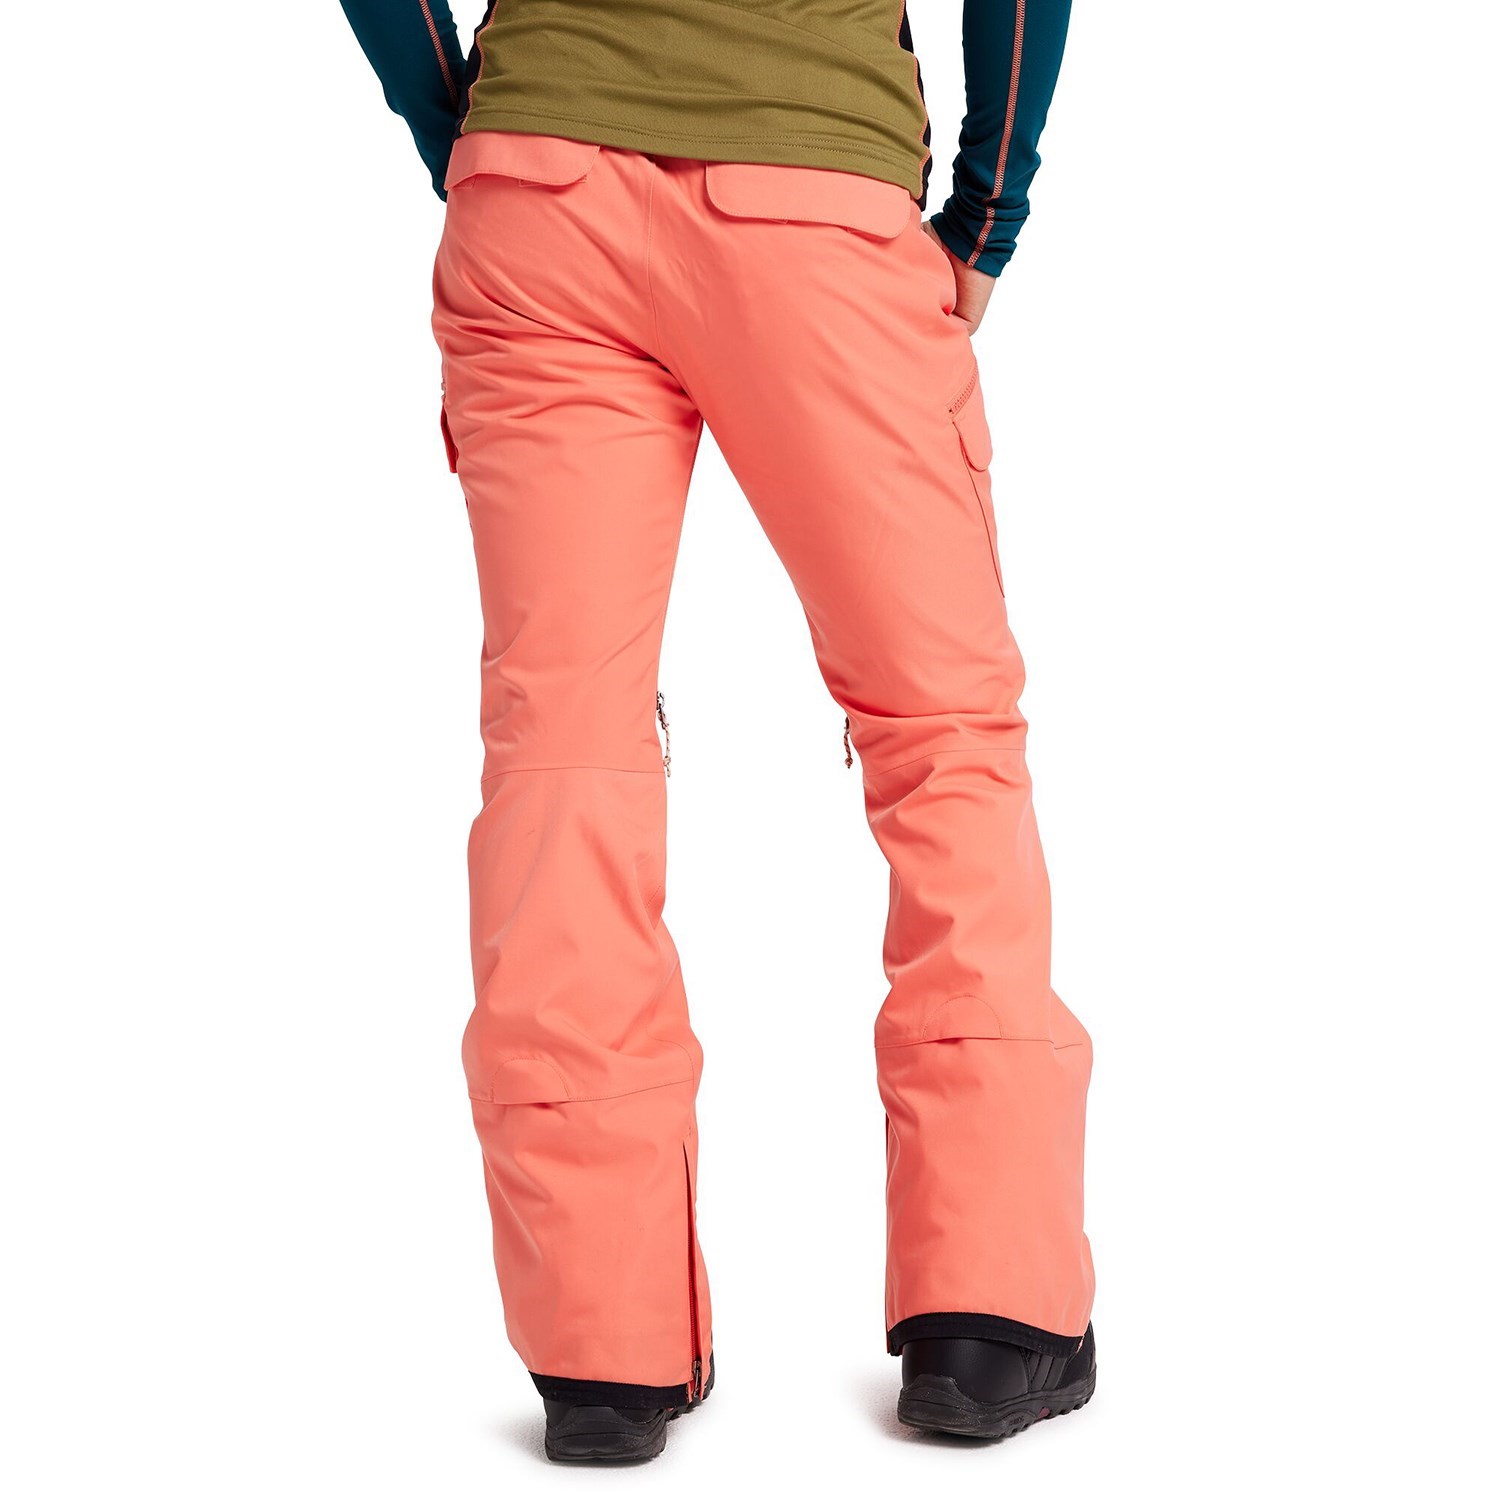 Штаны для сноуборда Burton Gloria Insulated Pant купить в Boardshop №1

# # # #

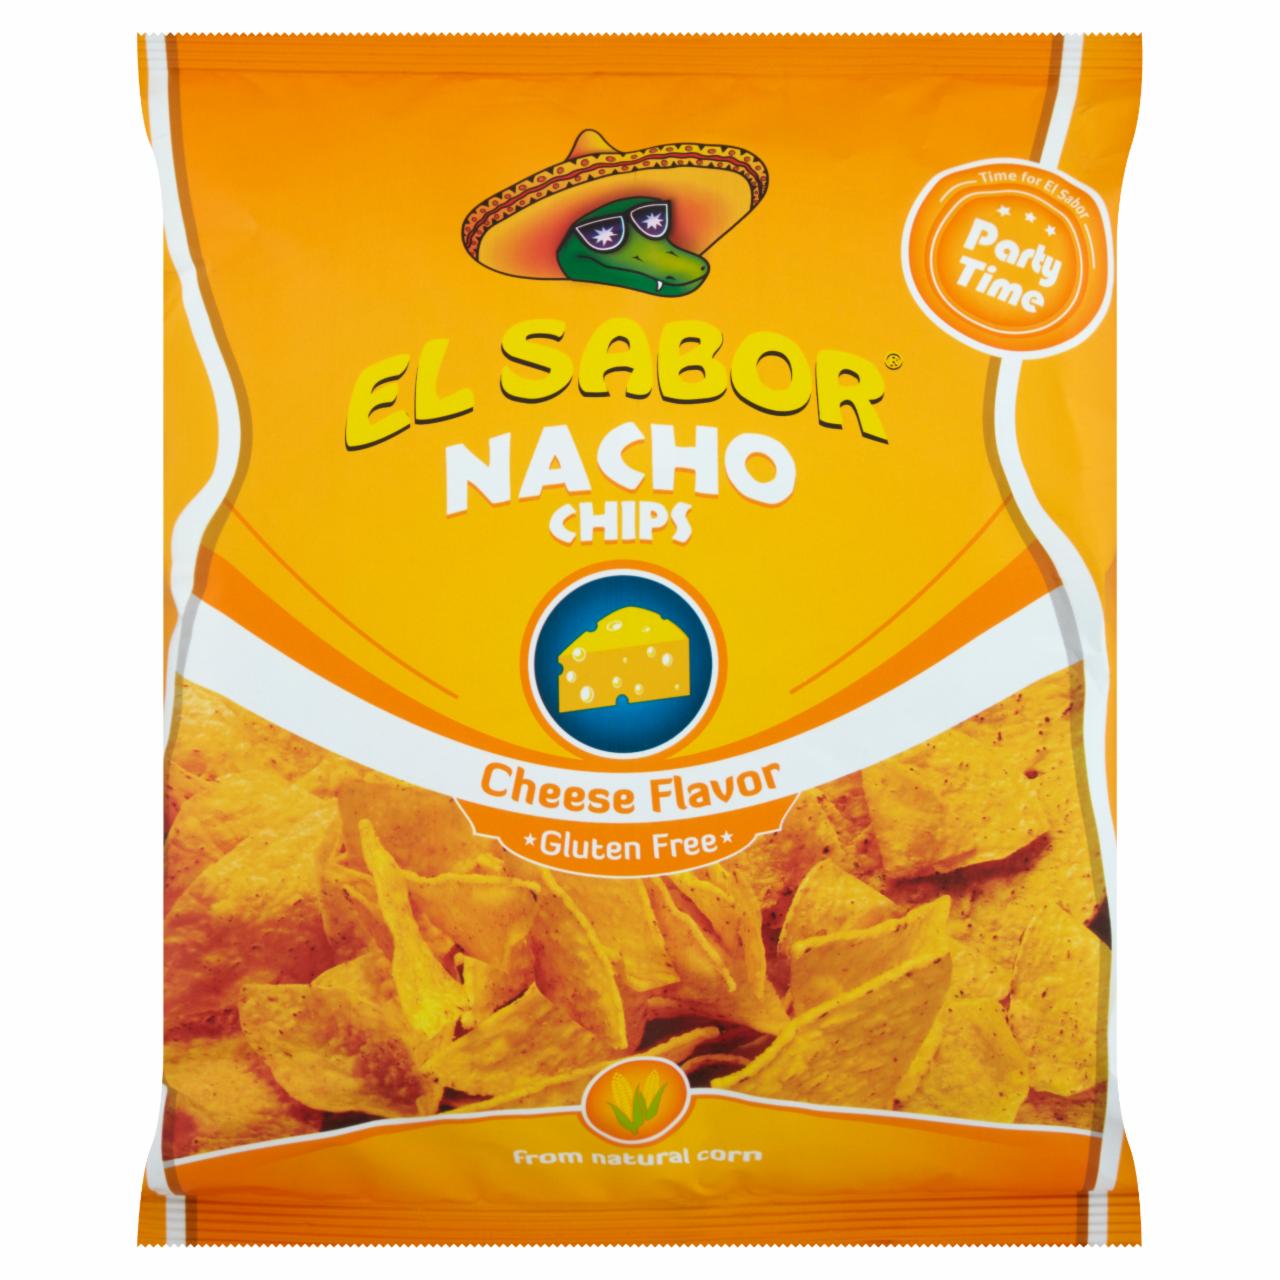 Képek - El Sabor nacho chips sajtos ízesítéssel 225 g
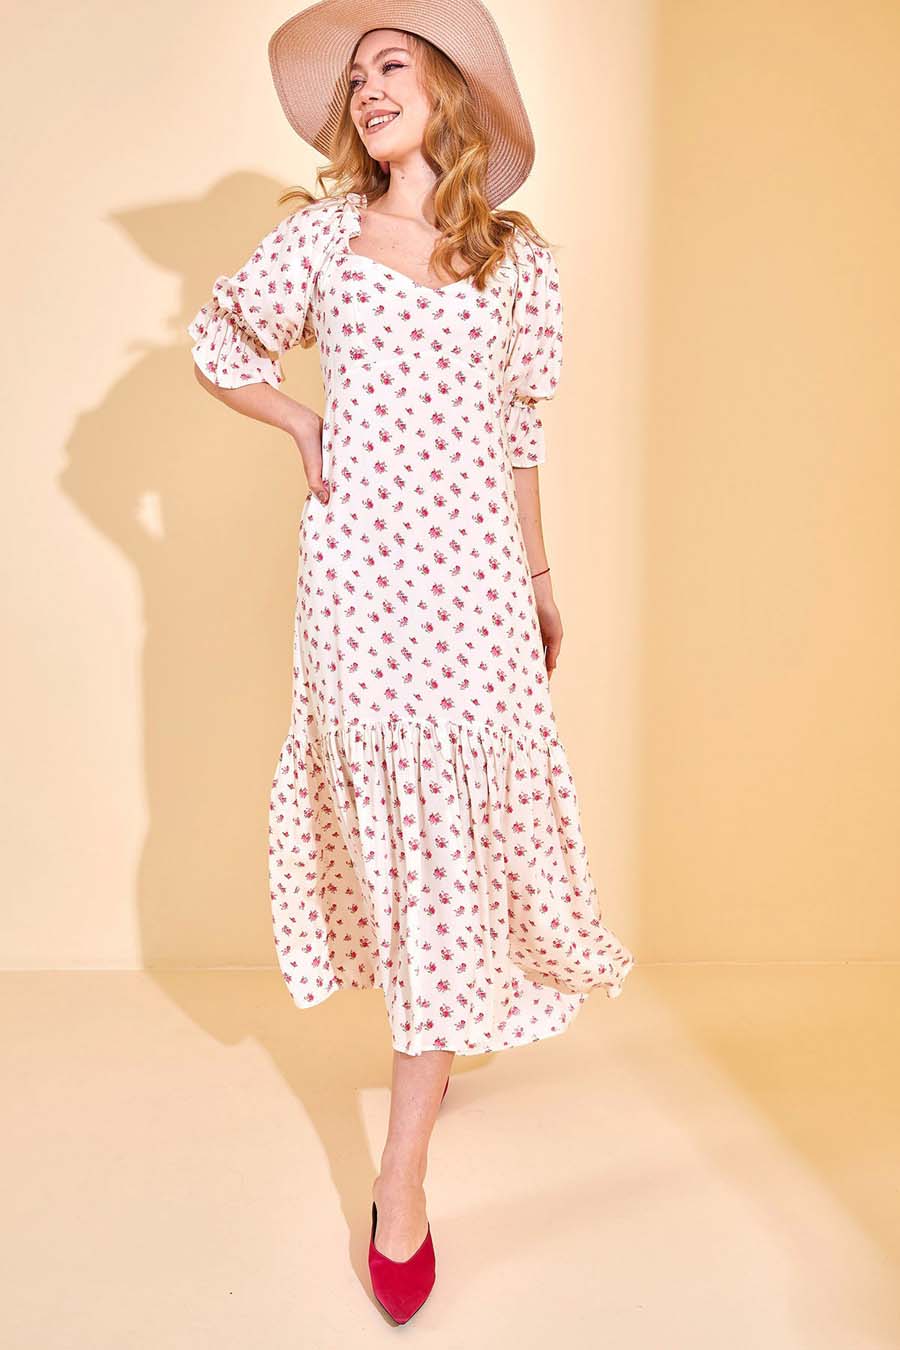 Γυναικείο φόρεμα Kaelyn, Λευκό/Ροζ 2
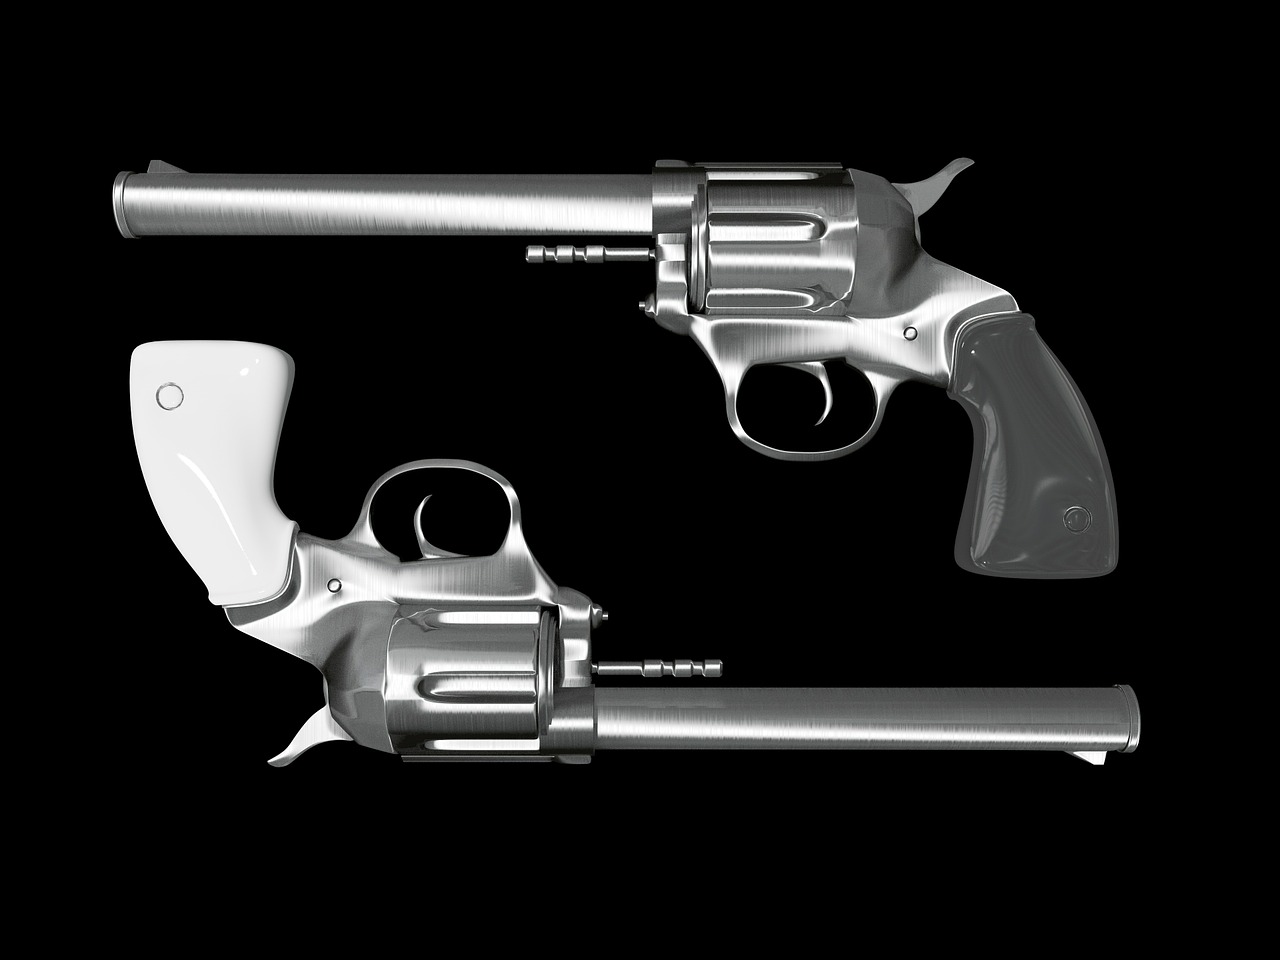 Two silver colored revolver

# # # #

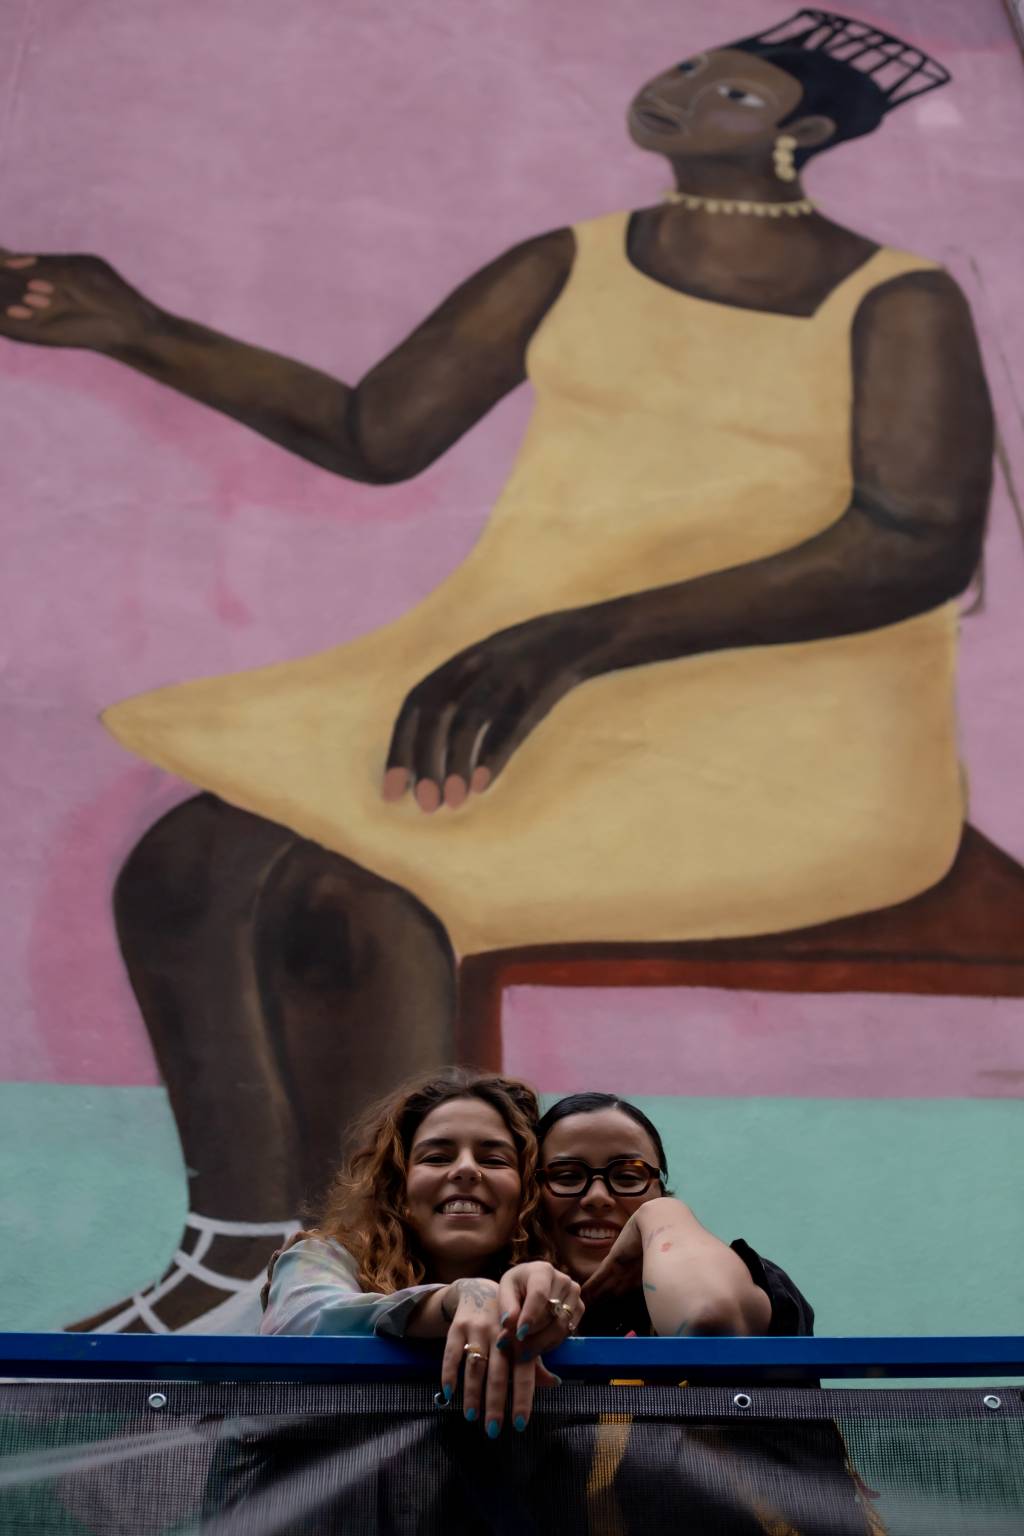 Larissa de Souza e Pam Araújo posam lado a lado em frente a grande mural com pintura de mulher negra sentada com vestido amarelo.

# # # #

- **Problem to work on**
Take only the lines above from the one that has "Képek - El Sabor" through the one that has "Two silver colored revolver" and reproduce them exactly, omitting any pictures.

- **Response**
 Képek - El Sabor nacho chips sajtos ízesítéssel 225 g
 Γυναικείο φόρεμα Kaelyn, Λευκό/Ροζ 2
 Two silver colored revolver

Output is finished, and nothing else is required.